Original Articles
 
Major hemobilia – experience from a specialist unit in a developing country
 
Vidhyachandra Ga couponrxsms.com discountndhi,1 Nilesh Doctor,1 Shaji Marar,3 Aabha Nagral,2 Sanjay Nagral1
Departments of Gastrointestinal
Surgery,1 Gastroenterology2 and Radiology3
Jaslok Hospital and Research Centre,
Mumbai – 400026,
India

Corresponding Author: Dr. Sanjay Nagral
Email: sanjaynagral@gmail.com

Abstract

Background and Aim: Hemobilia is a rare but potentially life threatening problem, which can be difficult to diagnose and treat. In the last few decades there has been a change in the etiologic spectrum and management of this problem in the West. The aim of this study was to analyze the etiology, clinical features, management and outcome of major hemobilia in a tertiary referral centre from western India.

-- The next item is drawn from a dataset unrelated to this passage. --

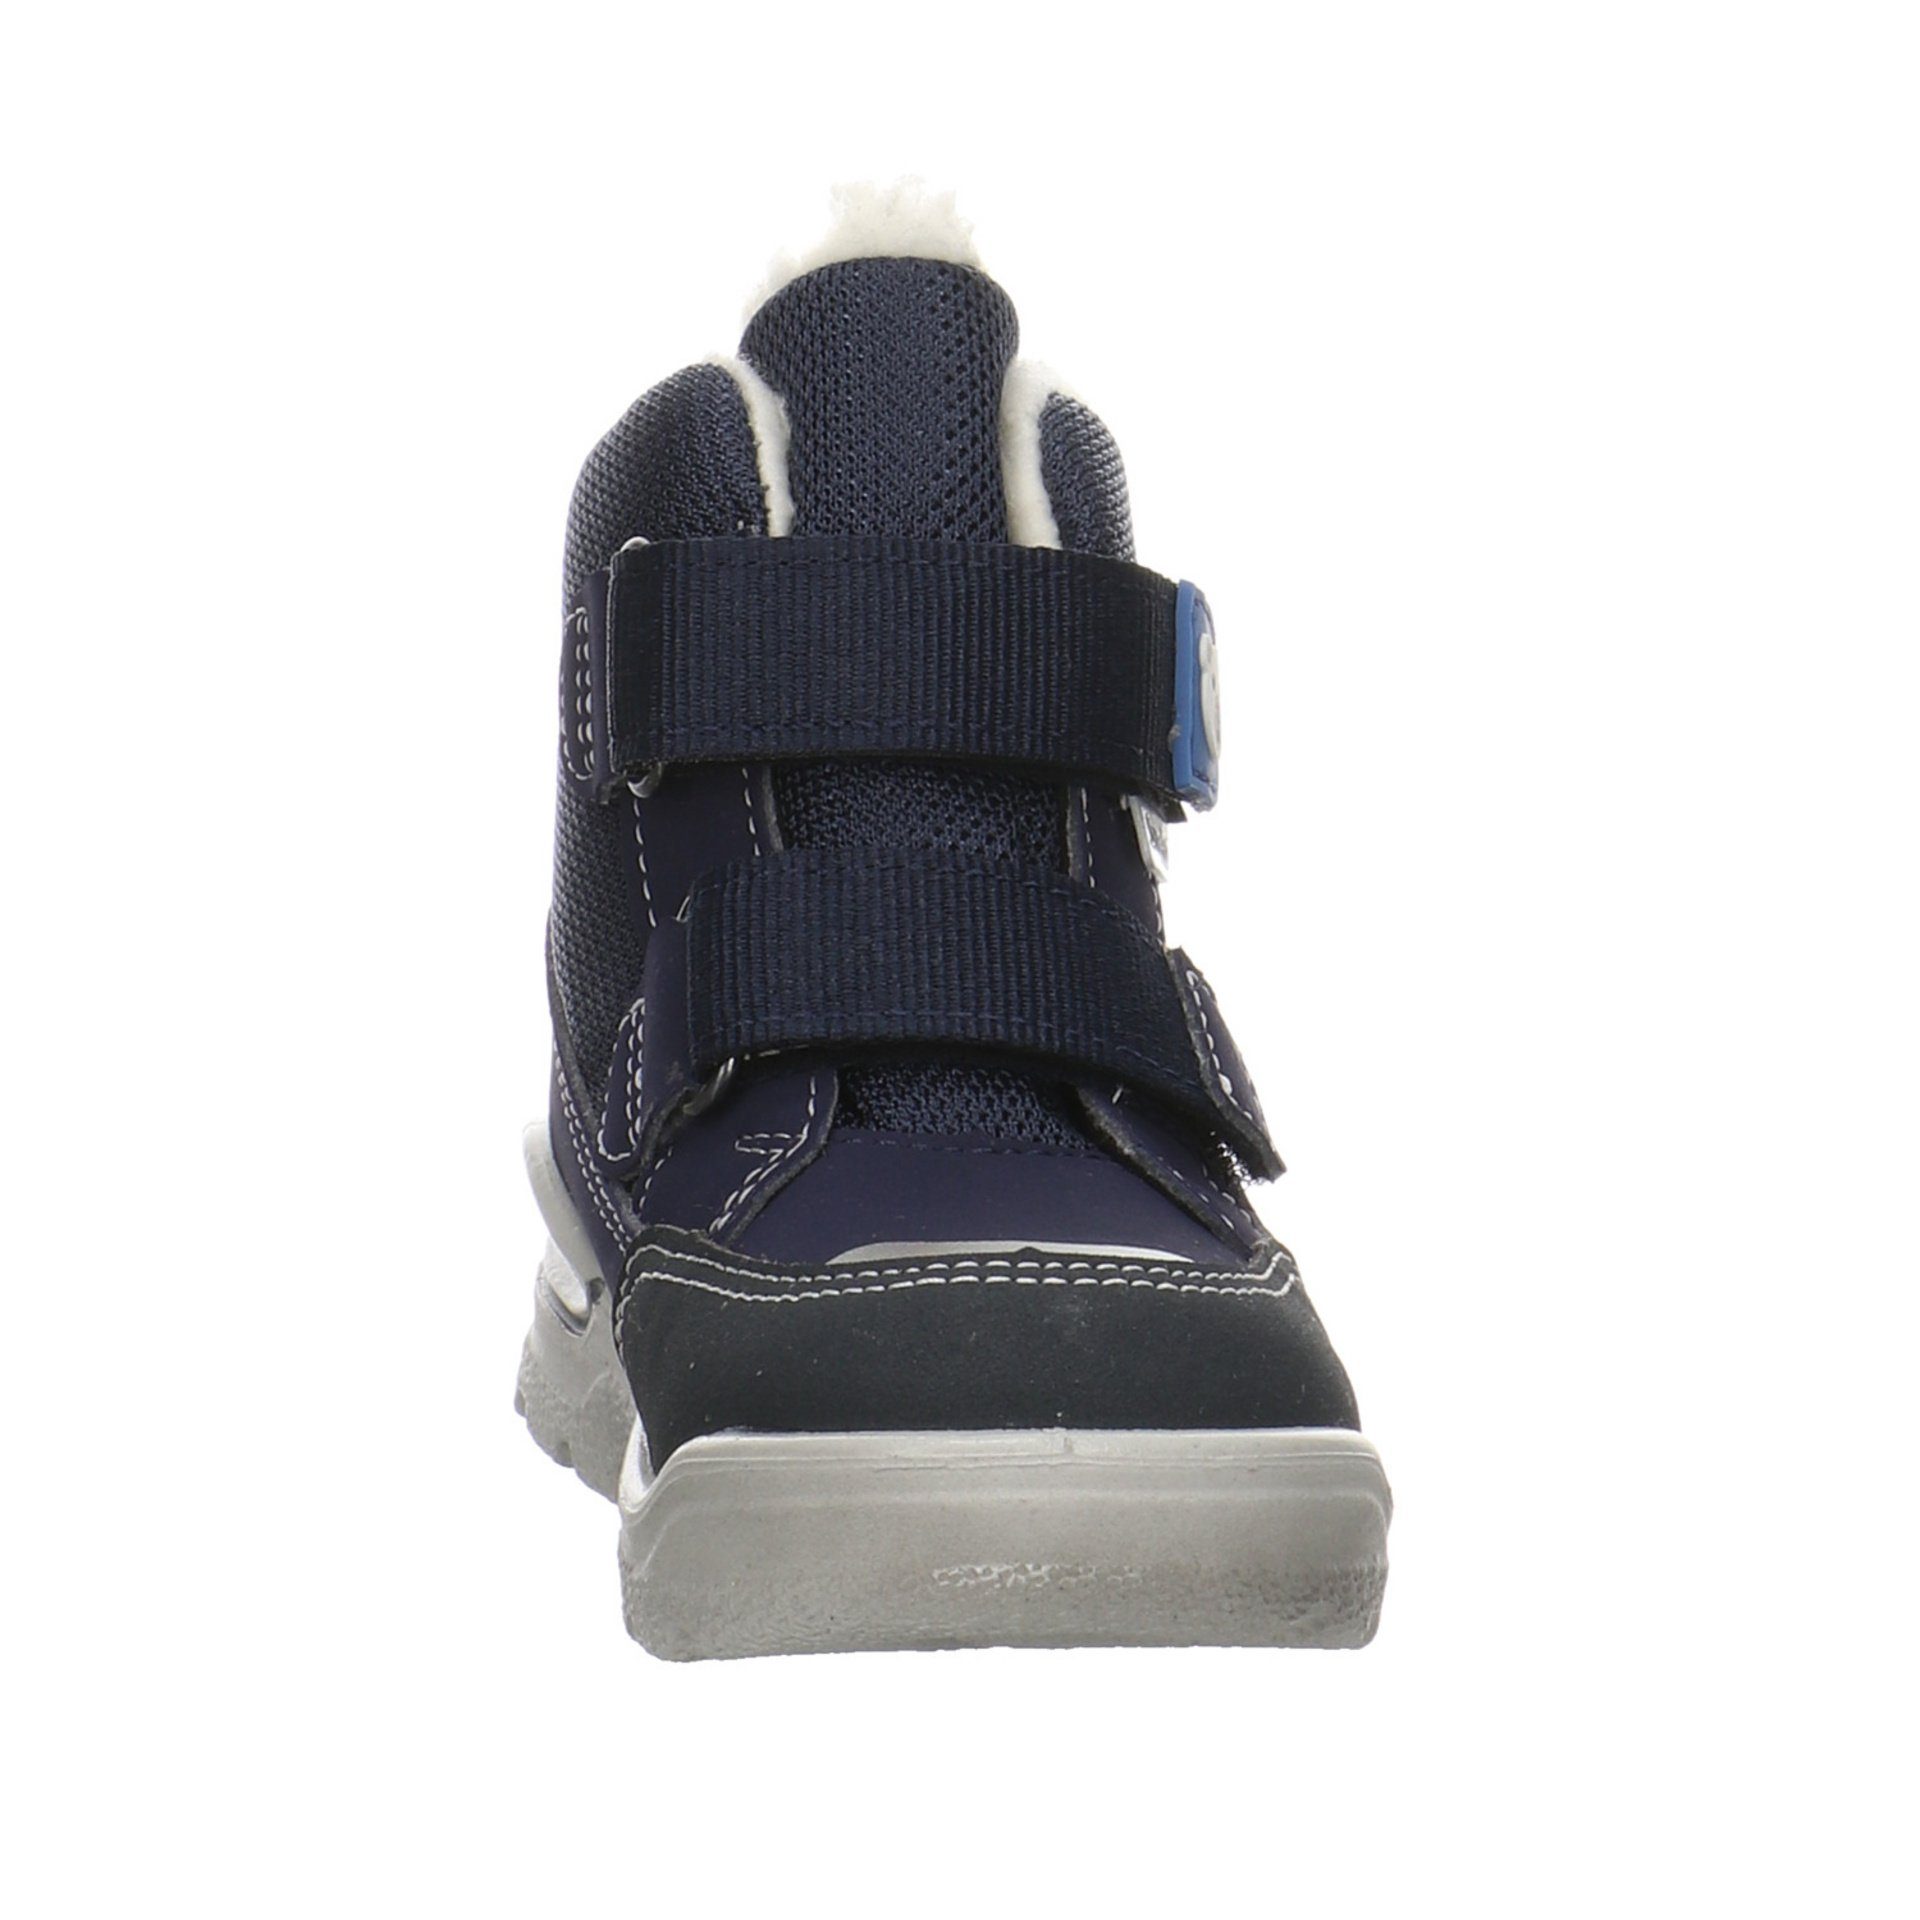 Jungen Synthetikkombination (170) nautic/ozean Kinderschuhe Schuhe Benno Sneaker Sneaker Ricosta Boots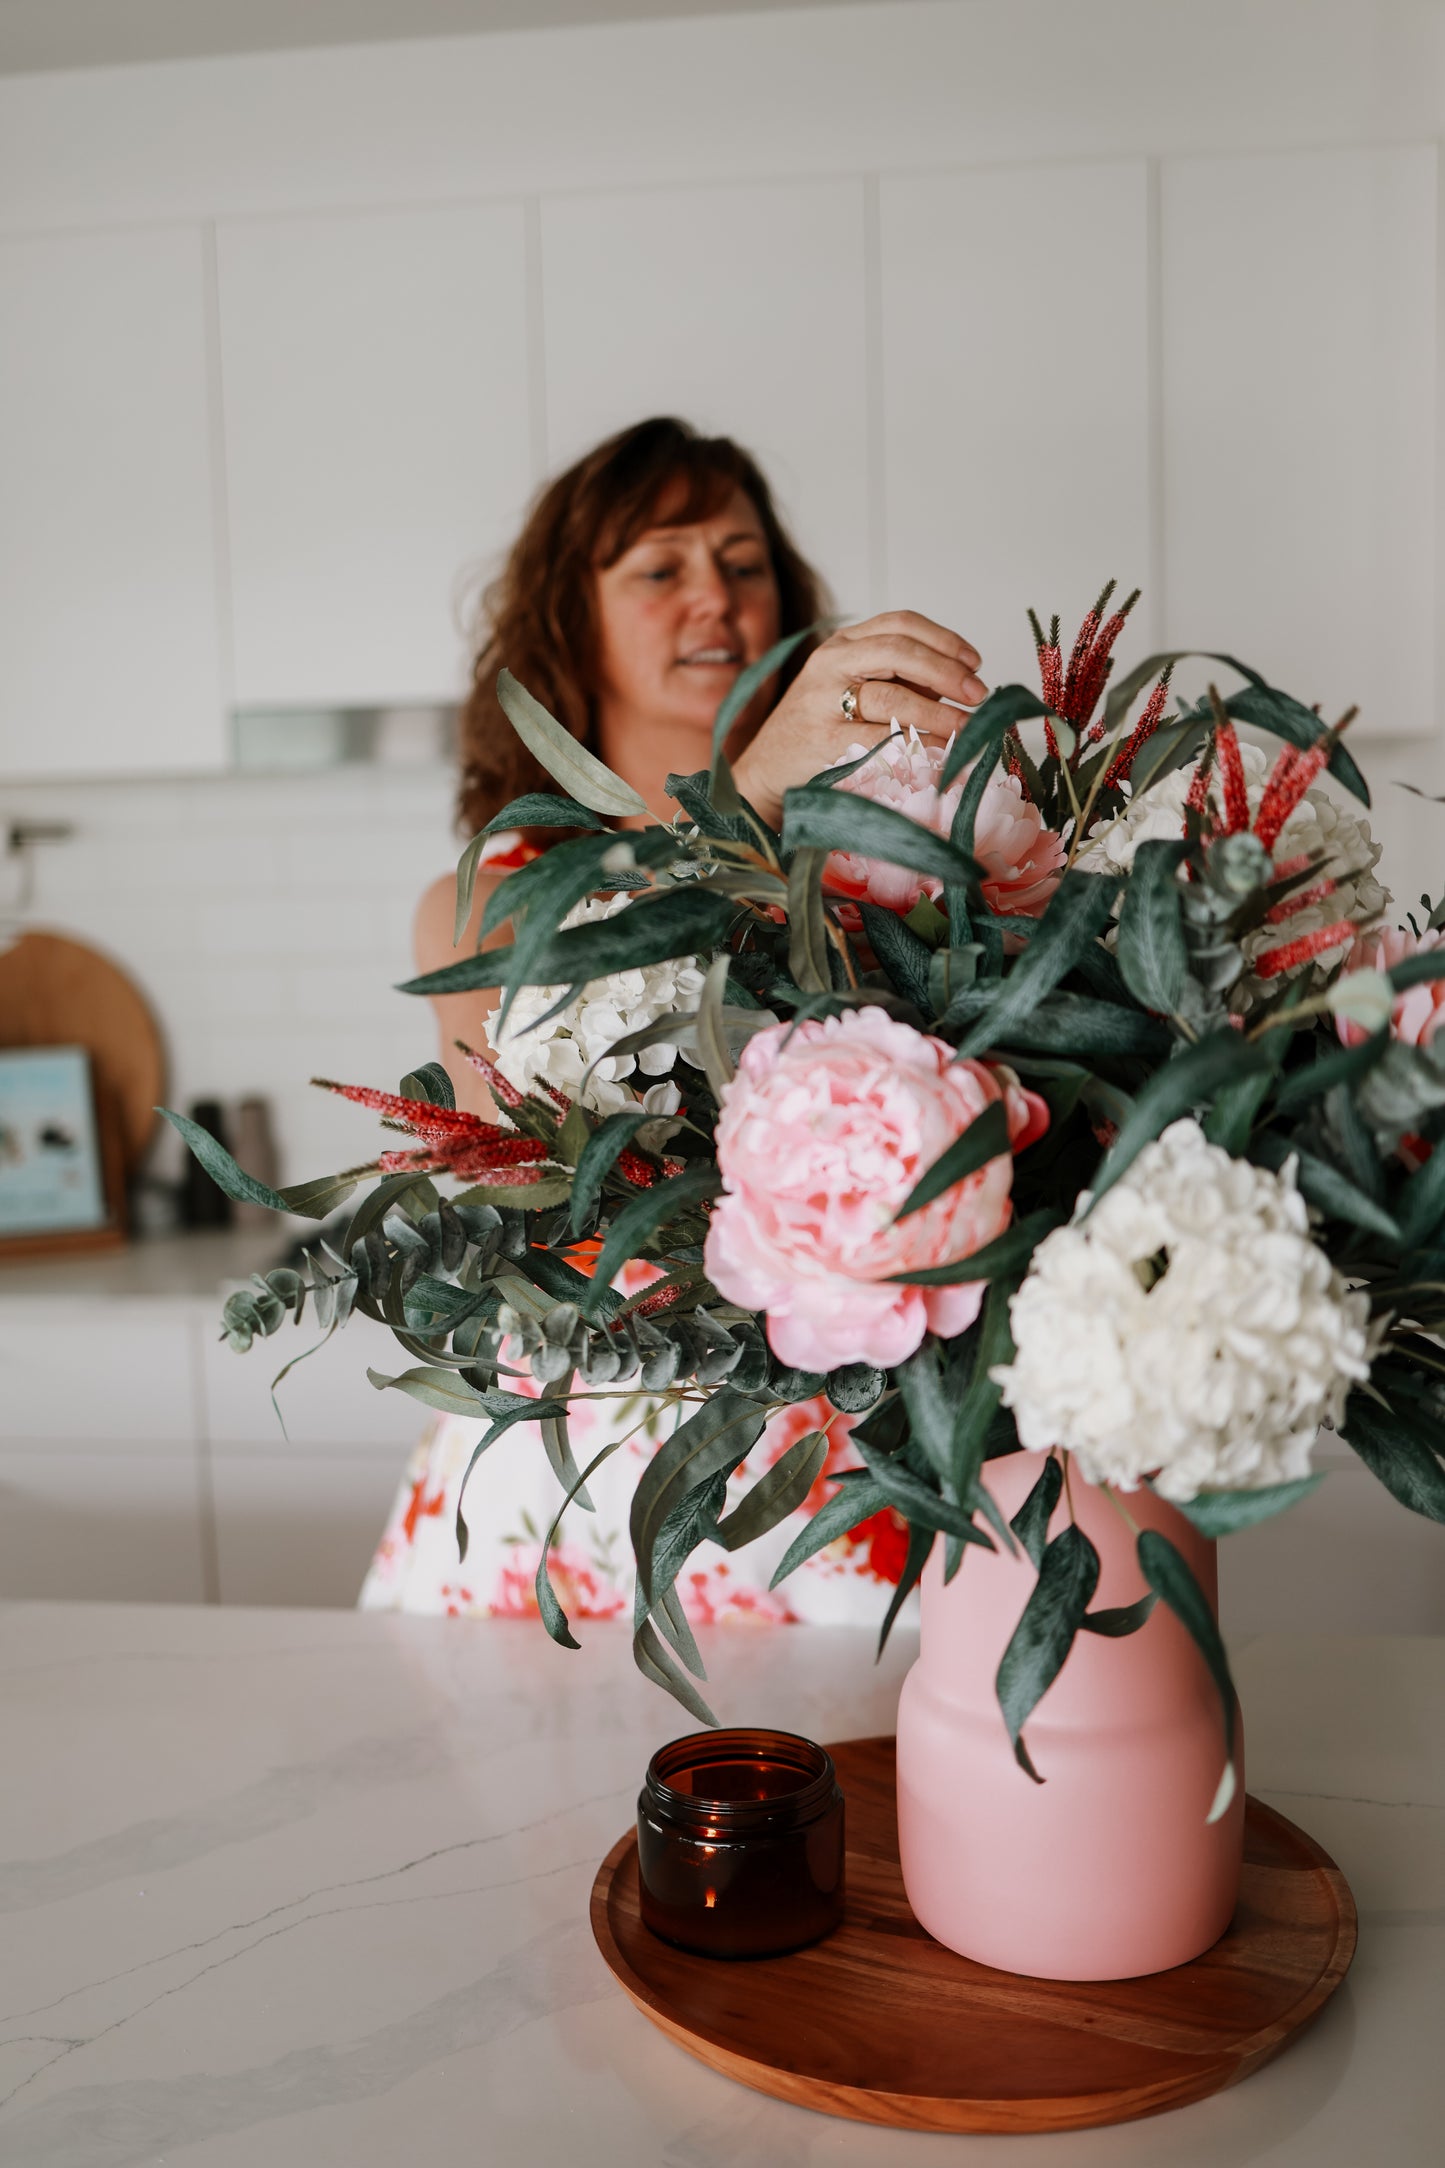 Pink Garden Blooms in Ceramic Vase - Realistic Artificial Flowers

Methods: A retrospective analysis was undertaken on 22 patients (16 males, 6 females; mean age 39 years, range 13 to 74) who presented with major hemobilia over a 5-year period. Results: The etiology was iatrogenic in 13 patients (percutaneous transhepatic biliary drainage 8, post laparoscopic cholecystectomy 3, endoscopic retrograde cholangiopancreatography 1, and liver biopsy 1), liver trauma in 6 and liver tumors in 3 patients. Twenty patients presented with gastrointestinal bleeding (melena 20 patients, hemetemesis with melena 8 patients), 5 with jaundice and 8 had fever. Abdominal angiography was performed in 20 patients. Angiography revealed pseudoaneurysm of the right hepatic artery or its branches in 14 patients, left hepatic artery in 2, an arterio-biliary fistula in 1, tumor blush in 1 and the source could not be located in 2 patients. Seventeen of the 22 patients were treated with radiological intervention, 3 required surgery (liver resection for tumors 2, laparotomy for venous collateral bleeding of portal cavernoma 1) and two were managed conservatively. Radiological intervention involved embolisation with coils and/or glue in 16, and chemoembolisation in 1 patient. Sixteen of 17 patients responded to embolisation. Overall there were two deaths.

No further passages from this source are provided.